Scientific classification
- Kingdom: Plantae
- Clade: Embryophytes
- Clade: Tracheophytes
- Clade: Spermatophytes
- Clade: Angiosperms
- Clade: Eudicots
- Clade: Rosids
- Order: Fagales
- Family: Fagaceae
- Genus: Quercus
- Subgenus: Quercus subg. Quercus
- Section: Quercus sect. Quercus
- Species: Q. durata
- Binomial name: Quercus durata Jeps.
- Synonyms: Quercus dumosa var. bullata Engelm. ; Quercus dumosa subsp. durata (Jeps.) A.Camus ; Quercus dumosa var. revoluta Sarg. ; Quercus durata var. durata ;

= Quercus durata =

- Genus: Quercus
- Species: durata
- Authority: Jeps.
- Conservation status: LC

Species of oak tree

Quercus durata, commonly known as leather oak, is a species of oak in the white oak group (subgenus Quercus, section Quercus). The common name "leather oak" is derived from the leathery texture on the lop of its leaves.

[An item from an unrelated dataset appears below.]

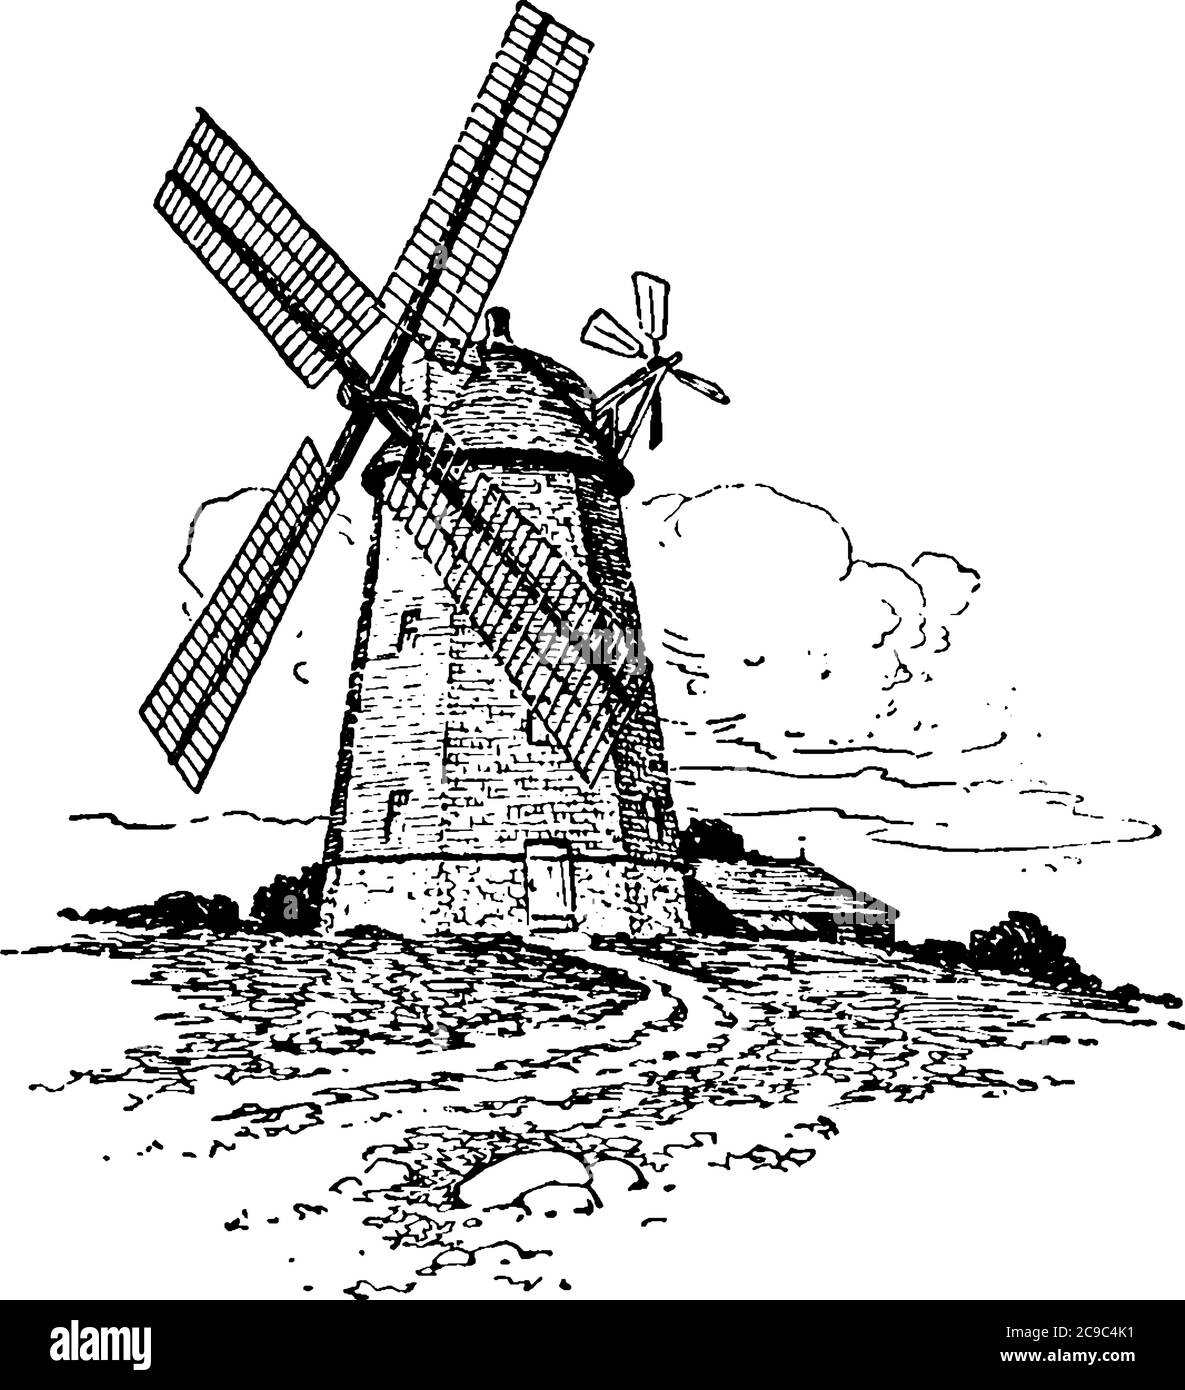 Questo è un vecchio mulino a vento fatto. Windmill è una struttura che converte l'energia eolica in energia rotazionale per mezzo delle grandi lame. Questo r Illustrazione Vettoriale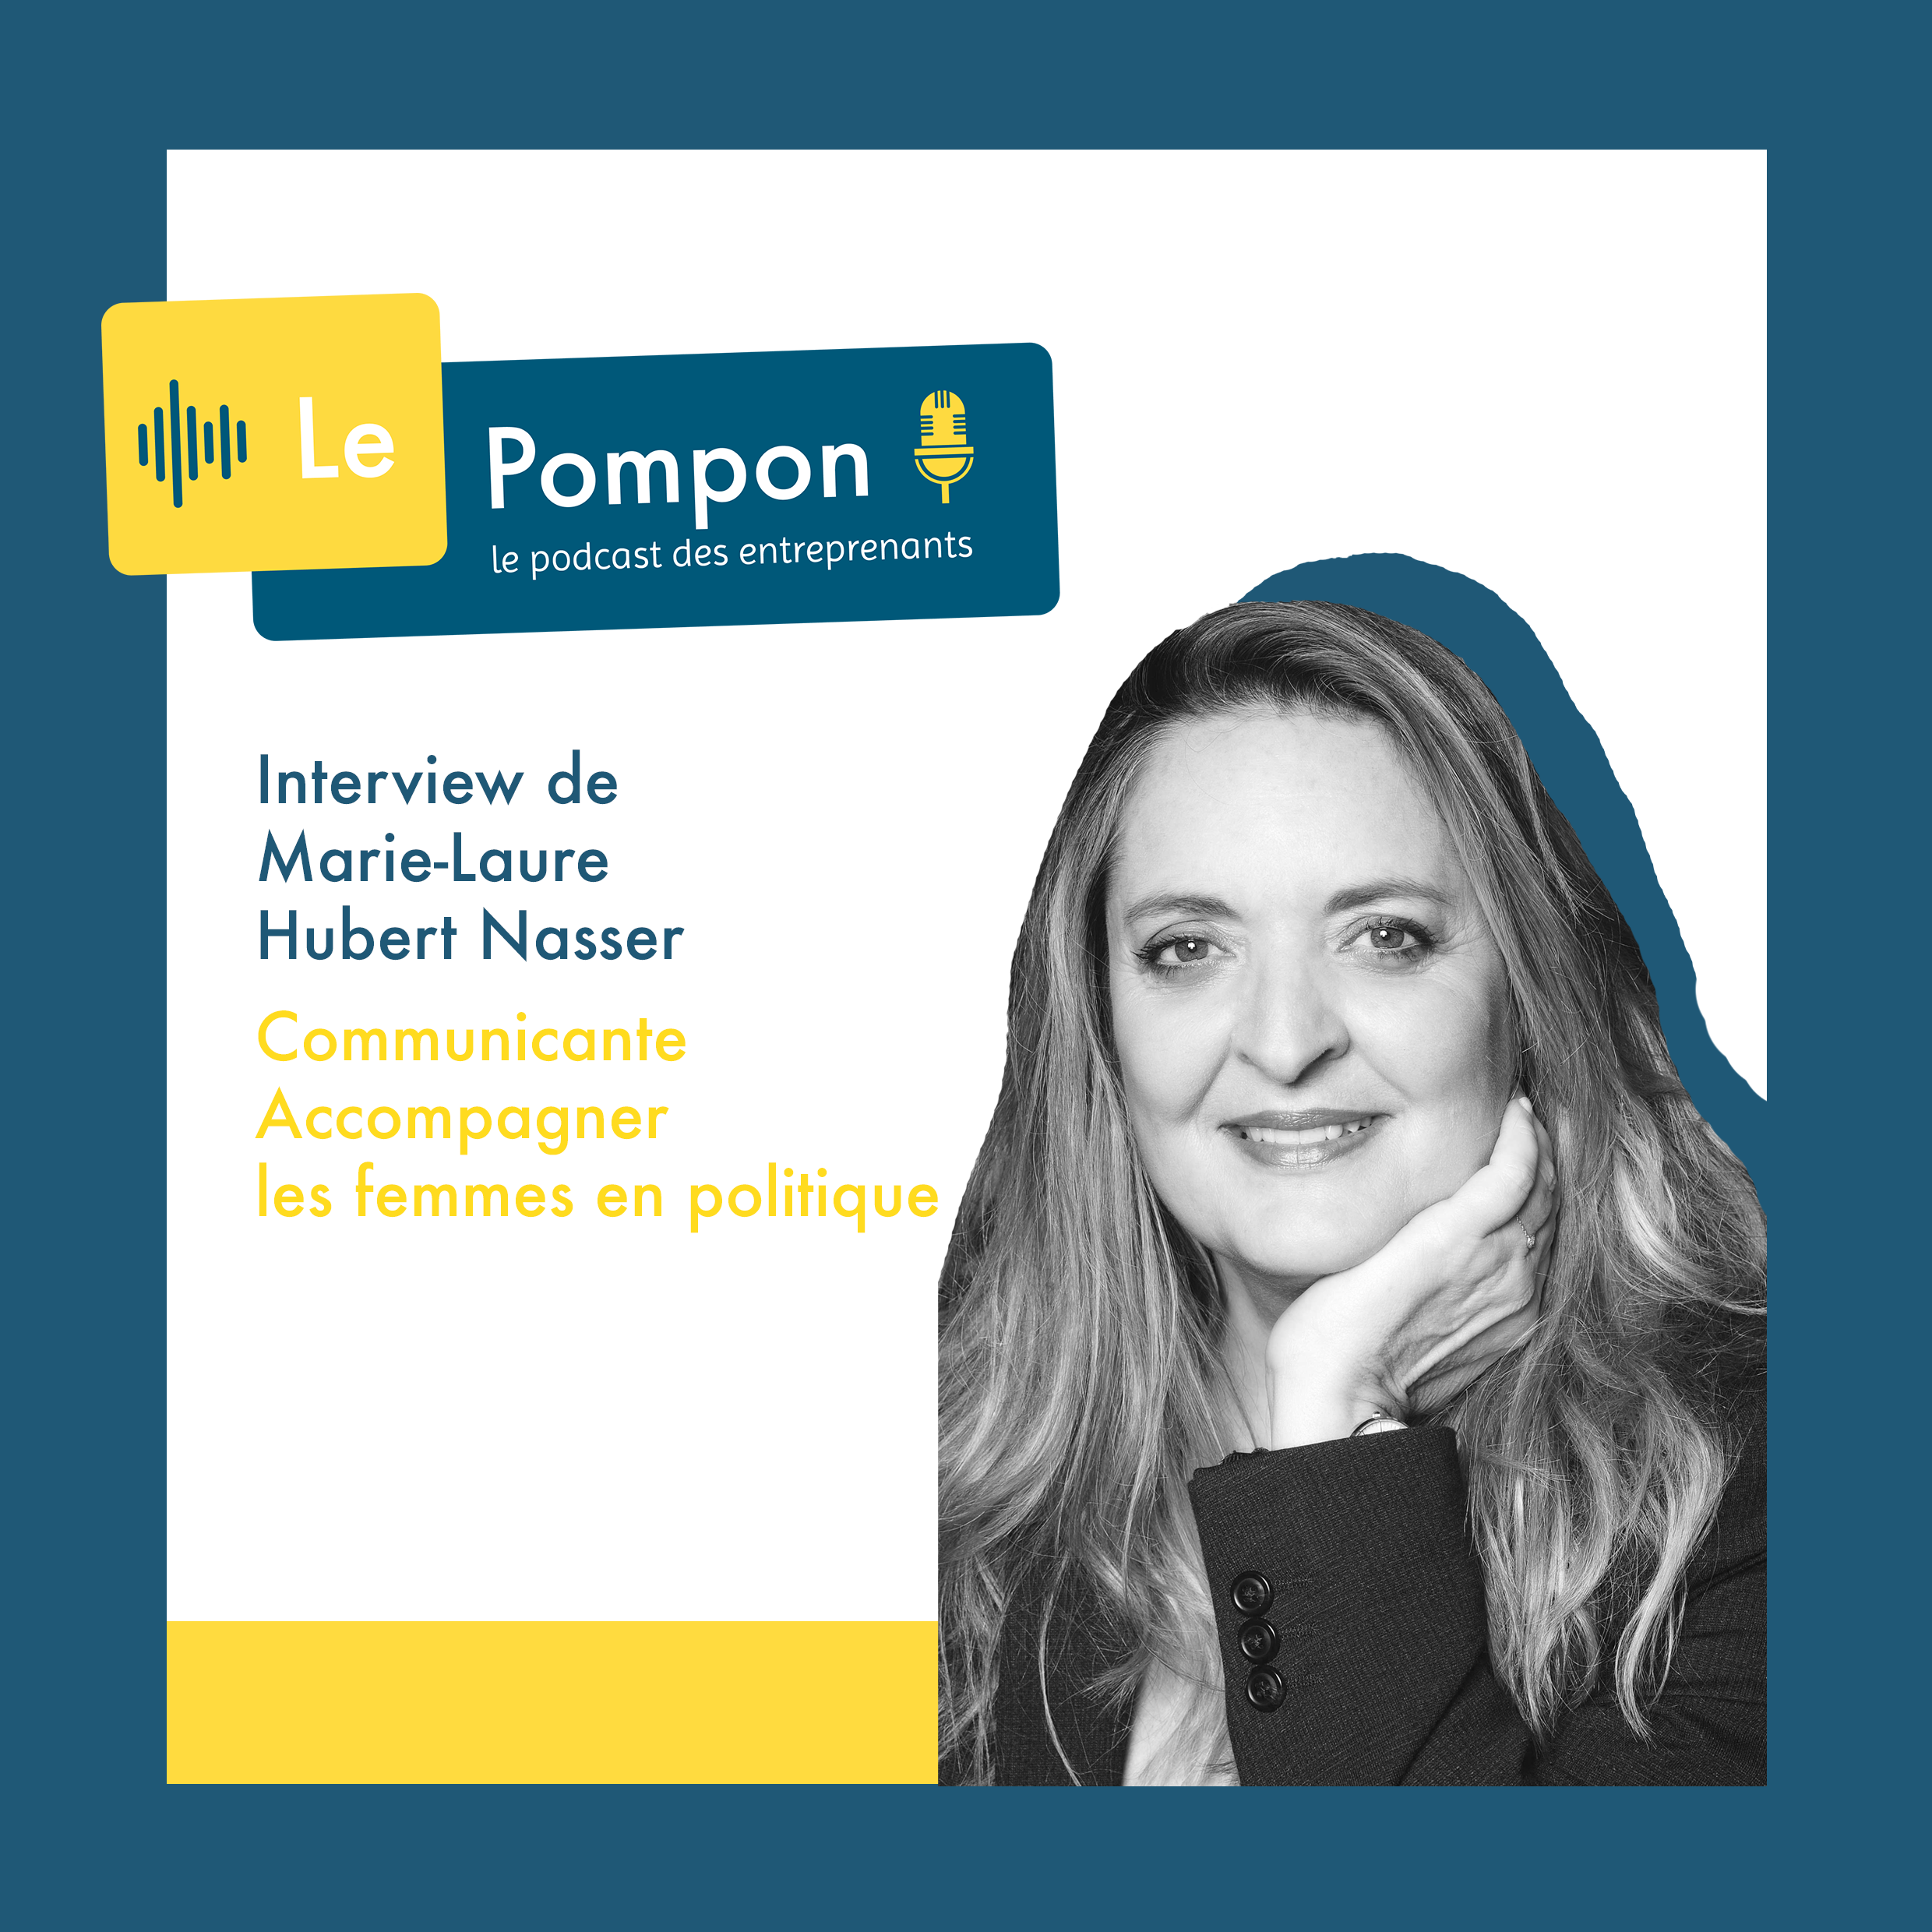 Illustration de l'épisode 43 du Podcast Le Pompon : Marie-Laure Hubert Nasser, Communicante

It is endemic to California, common in the Coast Ranges and the foothills of the Sierra Nevada. It is found nearly exclusively on serpentine soil.

== Description ==
Leather oak is a dicot. As described by English horticulturist and botanist Theodore Payne, it is a "rather low spreading shrub with rigid branches, foliage rich deep green. Desirable for hillside planting." Quercus durata is a short species of oak generally growing to 1–2 m in diameter with a height of about 0.5-1.5 m. In more extreme cases they have been known to grow to be 3–4 m across. The gray or yellowish twigs have scaly bark and are about 1-3 cm in diameter with the trunk diameter reaching 4–5 cm; the branches can be densely or sparsely distributed. The buds are smooth brown or reddish brown ovals.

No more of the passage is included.